Las Vegas Sun

April 26, 2024

Bombardier looking to stem monorail, personnel woes

As the Las Vegas Monorail prepares to begin the final battery of tests that will tell whether the $650 million system will re-open this year, the Canadian company that built and is now helping repair it is looking to a change in leadership to ease its own troubles.

Monorail officials have consistently distanced themselves from their builder's woes, saying that mounting problems from the multi-billion dollar Bombardier Inc. will not trickle down to the privately financed system.

Meanwhile Bombardier, the Montreal-based company that built and runs the beleaguered system, has been plagued by a litany of financial and personnel uncertainty since a fallen washer prompted the three-month closure of the monorail.

The list continued Monday, as company spokespersons announced the creation of a new Office of the President, effectively firing President and Chief Executive Paul Tellier, whose contract was slated to expire.

Helene Gagnon, a spokeswoman for the manufacturer, and monorail spokesman Todd Walker said Monday that the changes, like the problems before them, would not impact individual projects like the monorail.
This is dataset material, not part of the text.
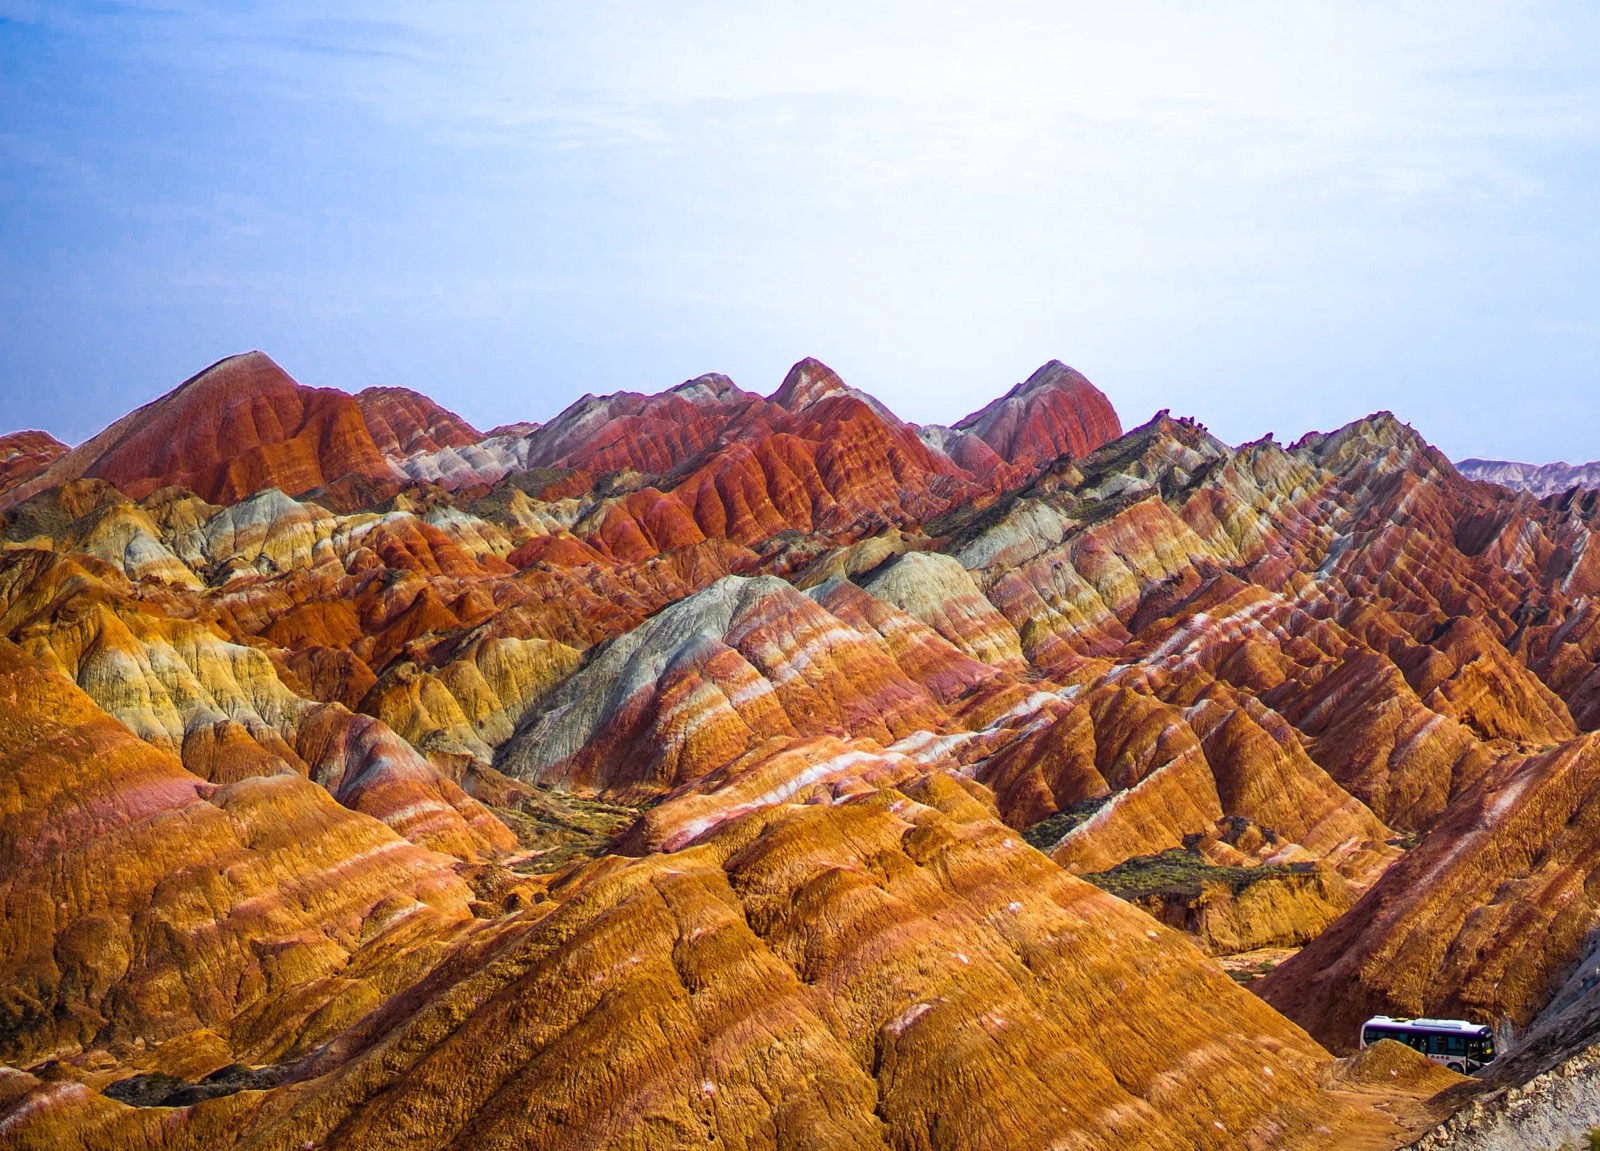 Can You Match These Extraordinary Natural Features to Their Respective Countries? Zhangye Danxia National Geological Park, China

"Our concern is for the completion and operation of the Las Vegas Monorail," Walker said. "We don't see them (the changes) impacting this project. We've actually had, since the closure of the system great energy and focus from Bombardier."
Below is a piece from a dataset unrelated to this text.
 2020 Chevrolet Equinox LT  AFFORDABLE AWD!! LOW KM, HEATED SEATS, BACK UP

Work on the monorail continued this morning, as engineers prepare for the "recommissioning" of the system, which Ron Lynn, the Clark County Building Official, said could begin later this week. The process, which will entail between 1,000 and 2,000 individual 8-mile round trips on the 4-mile route, must continue trouble-free before the county approves the system to re-open.

Gagnon would not answer further questions about Tellier's departure, referring to a company statement released Monday morning.

"The announcement will not have any impact on the monorail," she said. "... For now, the only statement is that it doesn't have any impact."

In the company's written statement, Bombardier executives said incoming Chief Executive Laurent Beaudoin, previously the company's president and chief operating officer, will "focus on the development of the corporation's overall strategic direction ... "

Beaudoin represented Bombardier at the system's opening in July.

Tellier's departure caps a rocky period for the Canadian railroad and aerospace firm, which saw its bond rating fall to junk status after the high-profile bankruptcy of US Airways, a key client for the company's commercial airplane division.

The monorail company has also seen its own share of fiscal challenges. In that time, two Wall Street financial analysts have placed $451 million of the monorail's bonds on "Rating Watch Negative," meaning its bonds were also in danger of being downgraded to the higher risk "noninvestment" or "junk bond" categories.

The potential downgrade, which so far has not happened, would not affect the monorail's current operations but would hurt holders of its current debt, analysts have said.

Meanwhile lost ticket sales cost the company roughly $85,000 a day, meaning it has lost almost $8 million to date.

The closure also threw plans for a publicly financed extension to downtown Las Vegas into question. The $233 million contract awarded Bombardier in October 2003 expired in September, monorail executives said.

Unlike the current route, which was privately financed and backed by a private insurance company, the proposed expansion would include substantial government funding.

Since the most recent monorail closure -- the first having occurred when a 60-pound wheel assembly fell off a moving train less than a week before -- Bombardier has laid off more than 6,600 employees in seven European factories and has faced fines stemming from the late delivery of cars for the 8-mile Hiawatha light rail line in Minneapolis-St. Paul, Minn. That publicly financed system opened in June after conflicts between the company and the Minnesota Department of Transportation over the late delivery of the rail cars.

Monorail executives in September publicly blamed Bombardier operators for missing 149 warnings that the wheel assembly was unstable.

In that time the firm has stepped up its Las Vegas operations, bringing in engineers and technicians to study the problems in the monorail here, Gagnon said.

The company now employs roughly 75 people, who work at the monorail's control center behind the Sahara hotel as engineers, safety officers and supervisors.